If we start from the Sun and move away from it , in any direction, we will go through different regions. First the asteroid belt , later the Kuiper belt . Perhaps we will pass a planet on the way, although given the scales of the solar system, it is unlikely. If we continue to move away we will leave the heliosphere . Much further, we would cross the so -called Oort cloud , until a point was reached where we would enter another solar system , dominated by some of the stars closest to the Sun. However, at what exact moment would we have left the solar system?
The truth is that we do not know . Or, put another way, there are different definitions of what constitutes leaving the solar system. One of them would be from the heliopause , the region where the heliosphere ends. This would be the region in which the solar wind is capable of overcoming the interstellar medium . Imagine this interstellar medium as a very diffuse cloud of gas that fills the entire galaxy, or at least the region in which the Sun is located. This cloud will tend to expand and occupy every corner , unless something prevents it. In the vicinity of a star, the solar wind may exert enough pressure to keep the gas cloud at bay , creating a blanket around the star.
However, due to the movement of the Sun through this interstellar medium, the heliosphere will not be perfectly spherical , but will be compressed in the direction of movement of the Sun and elongated in the opposite direction. Therefore the heliopause is located at a distance between 80 and 100 astronomical units in the direction of movement of the Sun and about 200 astronomical units in the opposite direction, one astronomical unit being the average distance between the Earth and the Sun. The Voyager 1 probes and 2 from NASA we think went through the heliopause a few years ago . Voyager 1 did so at 94 astronomical units from the Sun, while Voyager 2 did so at 84 astronomical units . These probes were of course not traveling in the same direction, hence the difference between these distances.
Beyond the heliopause it is considered that the interstellar medium has been entered, so following this criterion the solar system would have been abandoned. However, at these distances, the Sun remains the gravitationally dominant object, capable of influencing the orbits of objects orbiting there. In fact, we believe that the influence of the Sun would dominate up to distances of about two light years , or 125,000 astronomical units, up to the limit of what we call the Hill sphere. Inside this sphere would be the hypothetical Oort cloud , a region that would range from a few thousand astronomical units to 50,000 AU from the Sun. This region has not been observed directly (due to the tremendous distances that separate us from any object that inhabits it) although we believe that all known long-period comets come from it. These comets can take thousands of years to complete one orbit around our star.

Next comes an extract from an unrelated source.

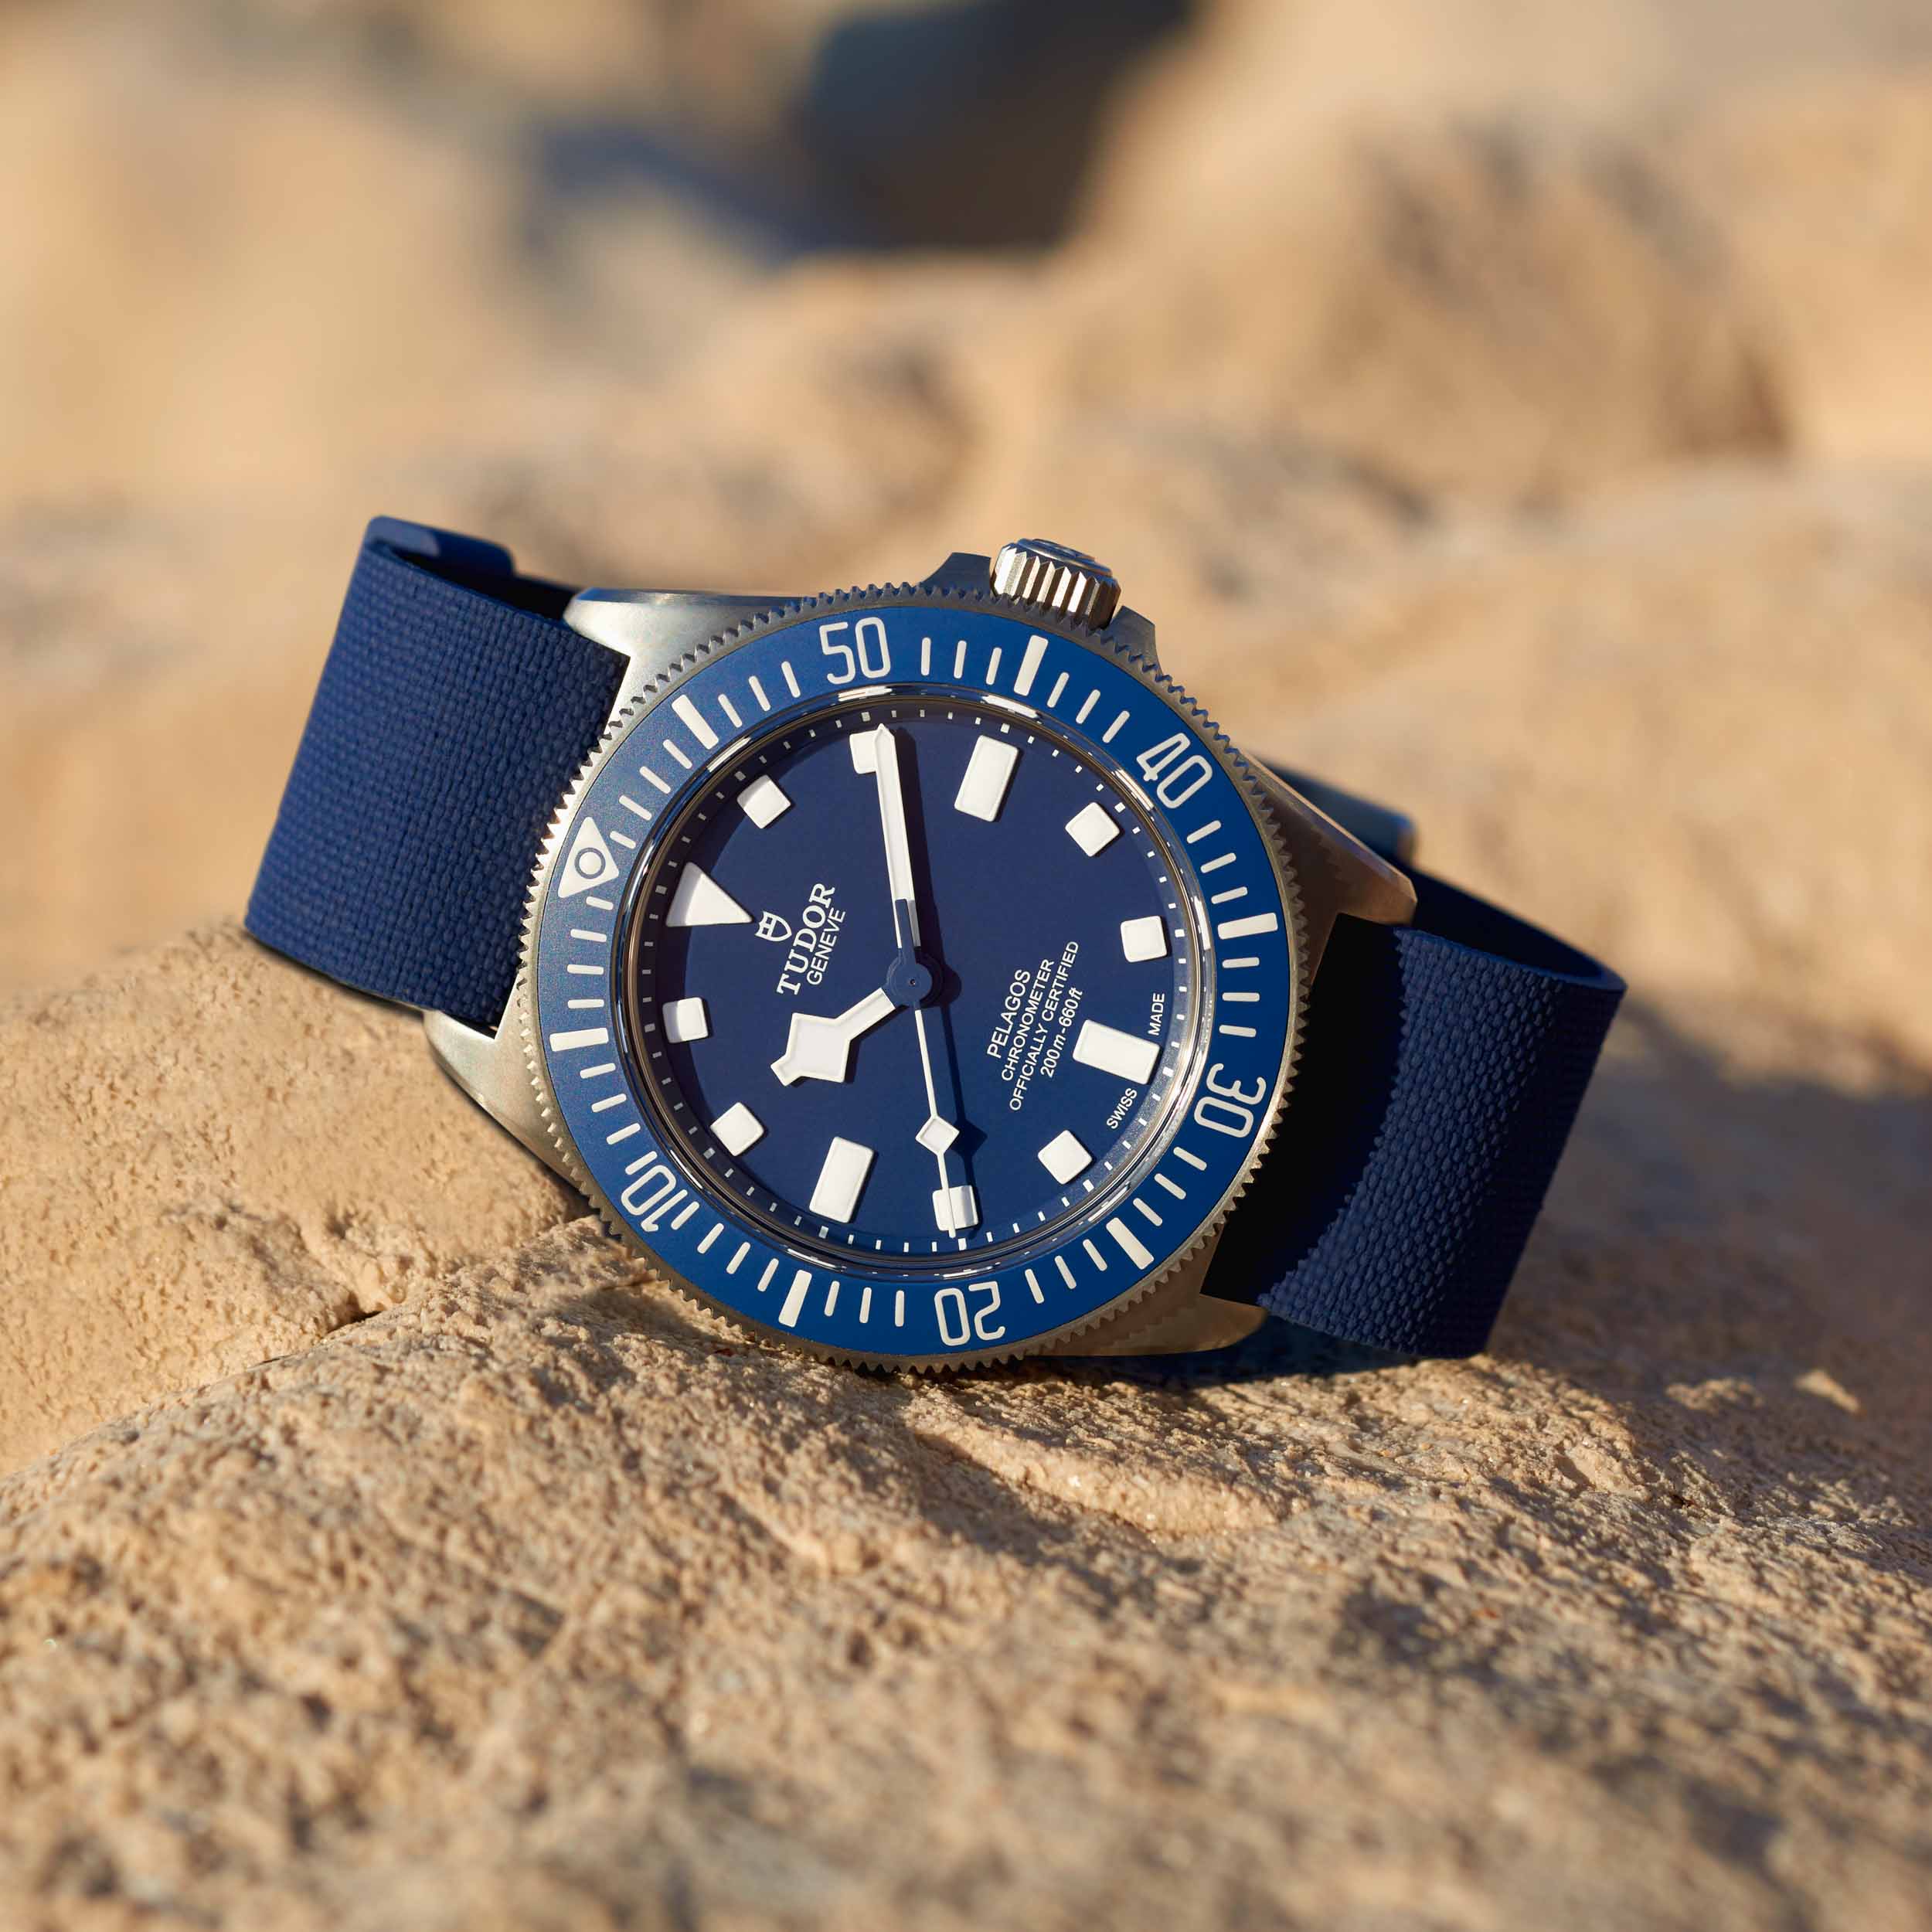 Tudor Pelagos FXD on the navy blue rubber strap with woven motif and titanium buckle

The Oort cloud could be populated by trillions (millions of millions) of small objects composed mainly of different ices. Although some reach sizes of tens of kilometers, most would be much smaller . These objects orbit the Sun very slowly, but can be affected by the close passage of a star.
But between the Kuiper belt and the Oort cloud and beyond the heliopause, we also find interesting objects. One of them is Sedna , a dwarf planet about a thousand kilometers in diameter that is almost 3 times farther from the Sun than Neptune , at about 84 AU, but whose orbit takes it up to 940 AU . This object has one of the largest orbits known, apart from those corresponding to long-period comets. It is estimated that it takes more than eleven thousand years to complete an orbit and that it is currently very close to perihelion, the closest point to the Sun in its orbit. Were it not for this coincidence, we probably would not have detected it. This suggests to us that there are probably objects with similar characteristics (enough mass to have a spherical shape, specifically) that are too far away to be detected with our current instruments.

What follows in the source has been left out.